The research team discovered that almost all of these proteins possess a mitochondrial targeting sequence, a signal that directs proteins toward mitochondria. Surprisingly, this alone is insufficient to indicate that this group of proteins should be delivered during translation. Zhu conducted experiments that demonstrated the system awaits an additional molecular signal to prompt early movement of a protein to the mitochondria. This signal manifests as the first substantial protein domain, or foldable structural unit within the sequence, exiting from the ribosome.
“It’s akin to having your boarding pass locked inside a suitcase,” Zhu explains. “The targeting sequence is the boarding pass, but to access it, you require the code to unlock the suitcase. In this scenario, the large domain is that code.”

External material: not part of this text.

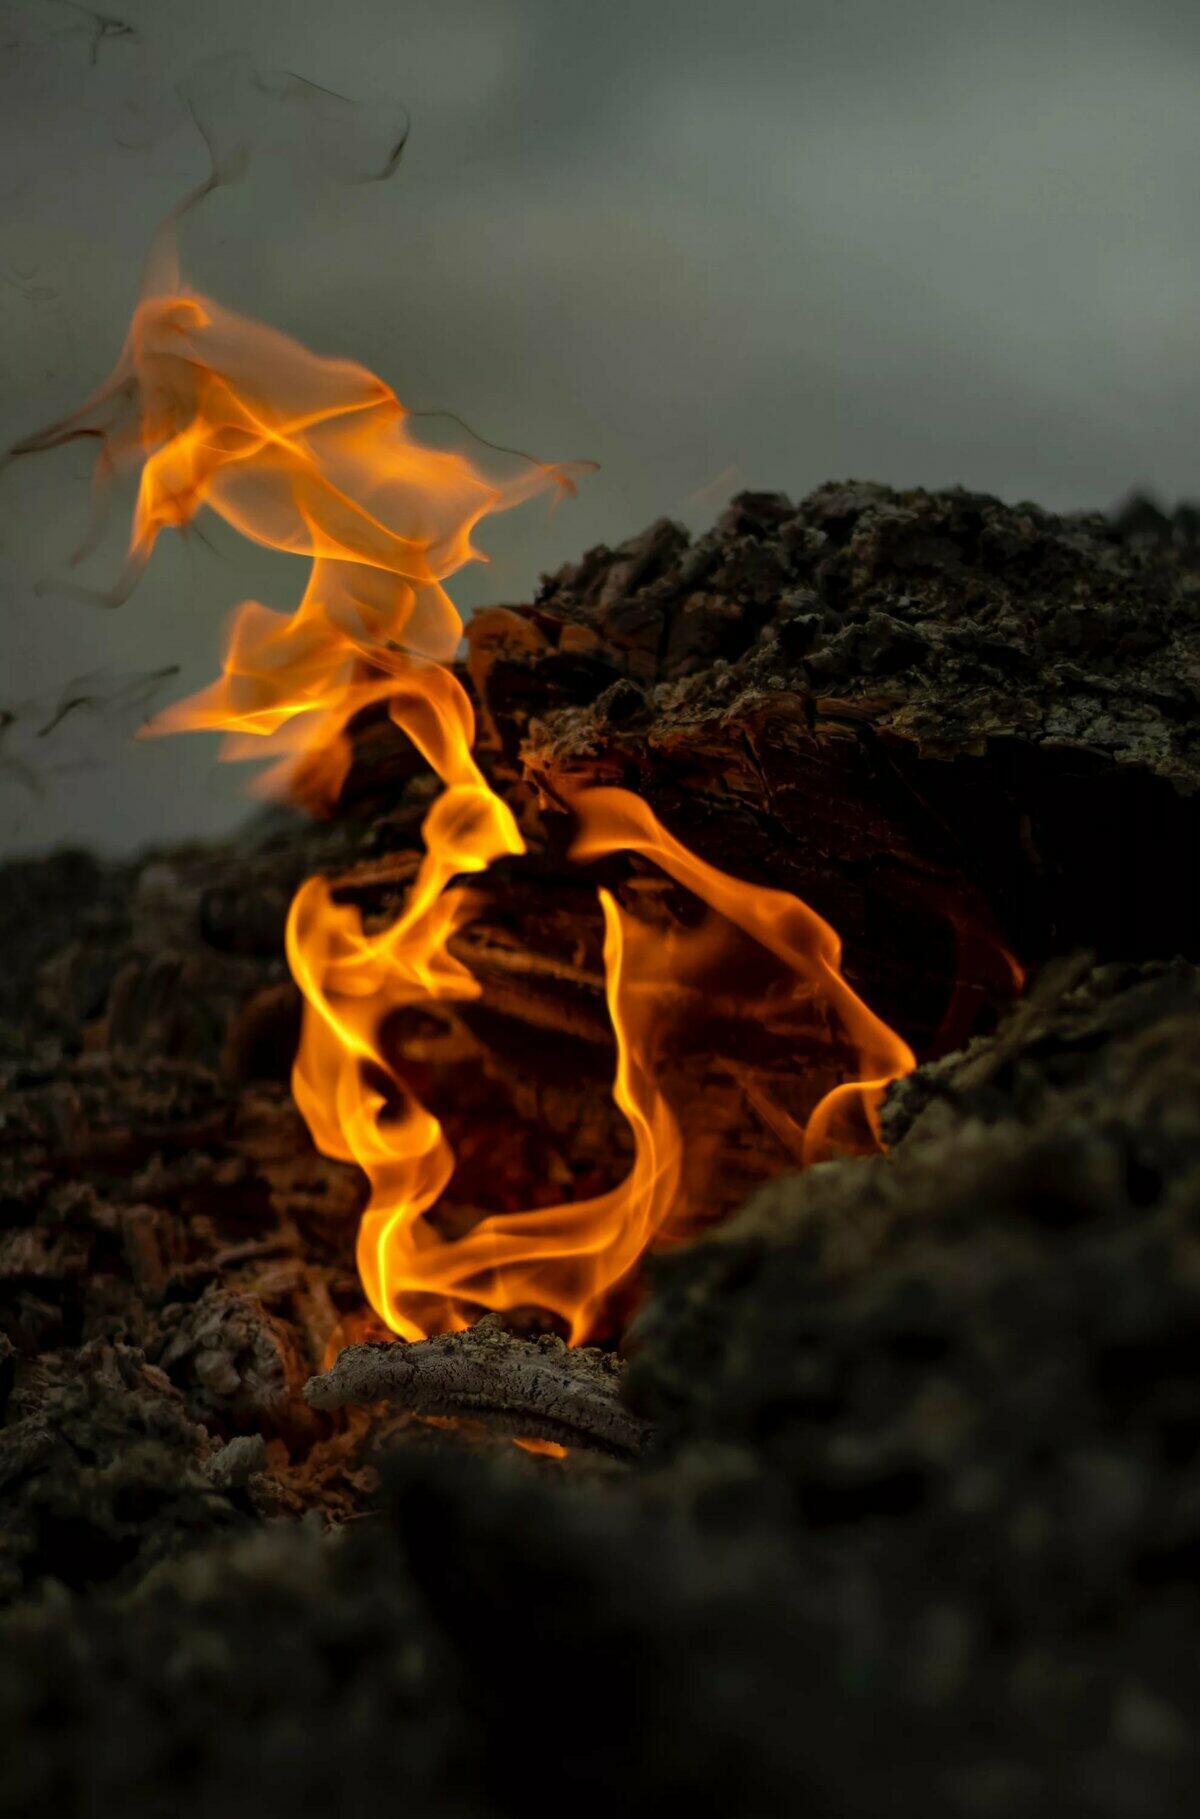 Огонь угас

The researchers even succeeded in transferring instances of such large protein domains to other mitochondrial proteins that typically undergo import after translation and demonstrated that these domains indeed acted as transferable signals, capable of rerouting proteins to be imported during translation.
“Cotranslational targeting to mitochondria proves to be entirely different from targeting to other organelles,” Zhu remarks. “Moving forward, it will be thrilling to unveil more mechanistic specifics and ultimately manipulate the timing of mitochondrial protein import. This will not only help us comprehend why cells have evolved such a sophisticated targeting mechanism for mitochondrial proteins but also pave the way for potential therapeutic applications.”
The paper is titled, “Principles of cotranslational mitochondrial protein import.” Additional Caltech contributors include Taylor A. Stevens (PhD ’24), a postdoctoral research associate in biology and biological engineering, and Riming Huang, a graduate student in biochemistry and molecular biophysics. Saurav Mallik from the Weizmann Institute of Science in Israel and Emmanuel D. Levy from the University of Geneva in Switzerland are also co-authors. The research received support from the National Institutes of Health and the Howard Hughes Medical Institute through a Freeman Hrabowski Scholar grant.